As in previous collections, Jermanus collaborated with local artists, including Sydney-based Jedda-Daisy Culley, and had a focus on working with materials with less environmental impact, such as fabric made from citrus juice and organic cotton.
A holiday feeling was also to be found at Bondi Born. The B-corp and climate-neutral-certified resort and swimwear brand recently appointed a new creative director in Natalia Grzybowski, who sent slinky monochrome swimsuits, some with an asymmetrical neckline, down the runway at The Coal Loader Centre for Sustainability in Waverton.

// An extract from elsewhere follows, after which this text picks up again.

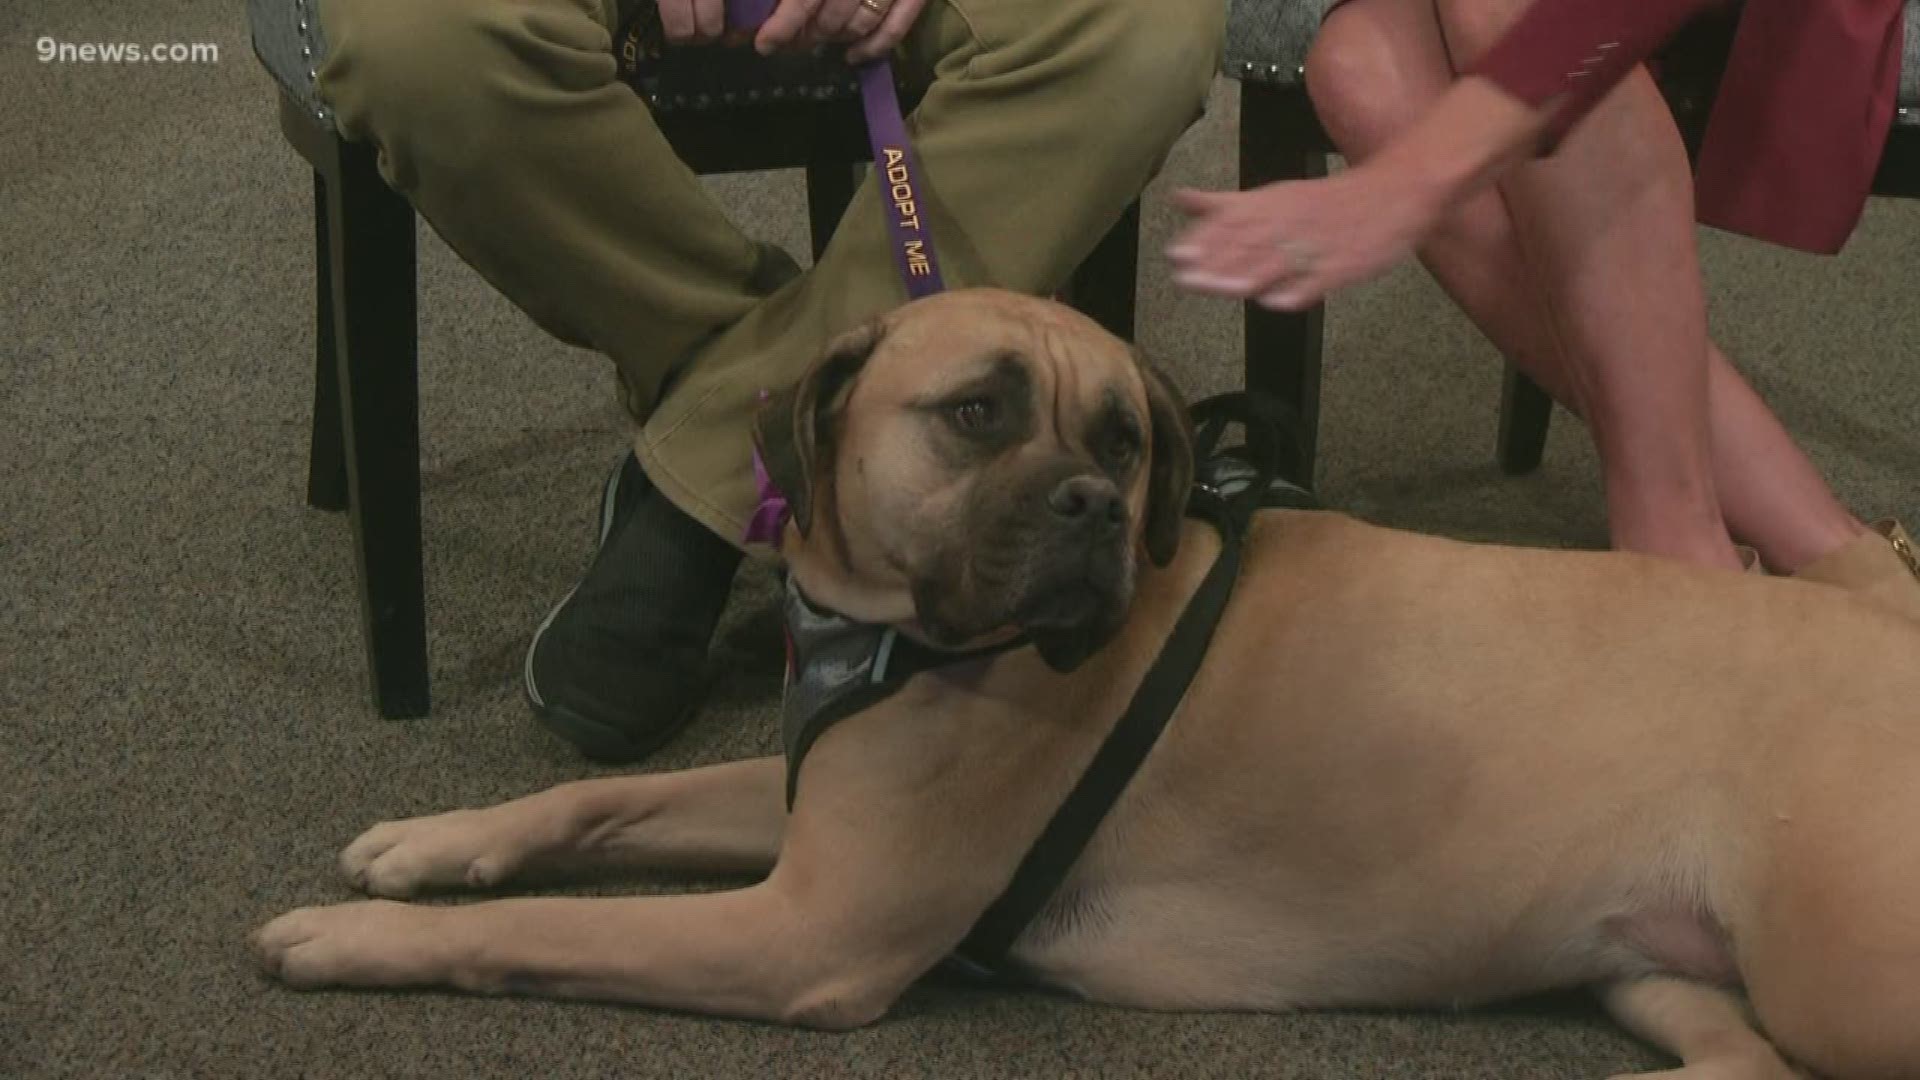 To adopt Adele, a 4-year-old bull mastiff, contact the Adams County Animal Shelter.

These were spliced with diaphanous dresses in silky, luminescent hues of bubblegum pink, grass green and chocolate brown with trailing ribbons and bows, and breezy linen sets.
Meanwhile, New Zealand designer Maggie Marilyn, speaking ahead of staging her first runway show at fashion week, said she looked to happy summer memories for her new collection, shown by the water at Darling Point.
“(It) pays tribute to summer nostalgia and the affirming goodness of sailing clubs and those who frequent them; fabrics that sparkle and mimic the way the sun hits the ocean on a bluebird day. An abundance of stripes akin to those hidden in the details of a perfect summer. Life jackets from the 90s, faded racing stripes on the side of a boat, beach towels lined up side by side.”
For those who prefer a little more drama, Yousef Akbar upped the ante with draped, puffed and pin-like, sequin-encrusted (some models even had sequins on their faces) evening gowns.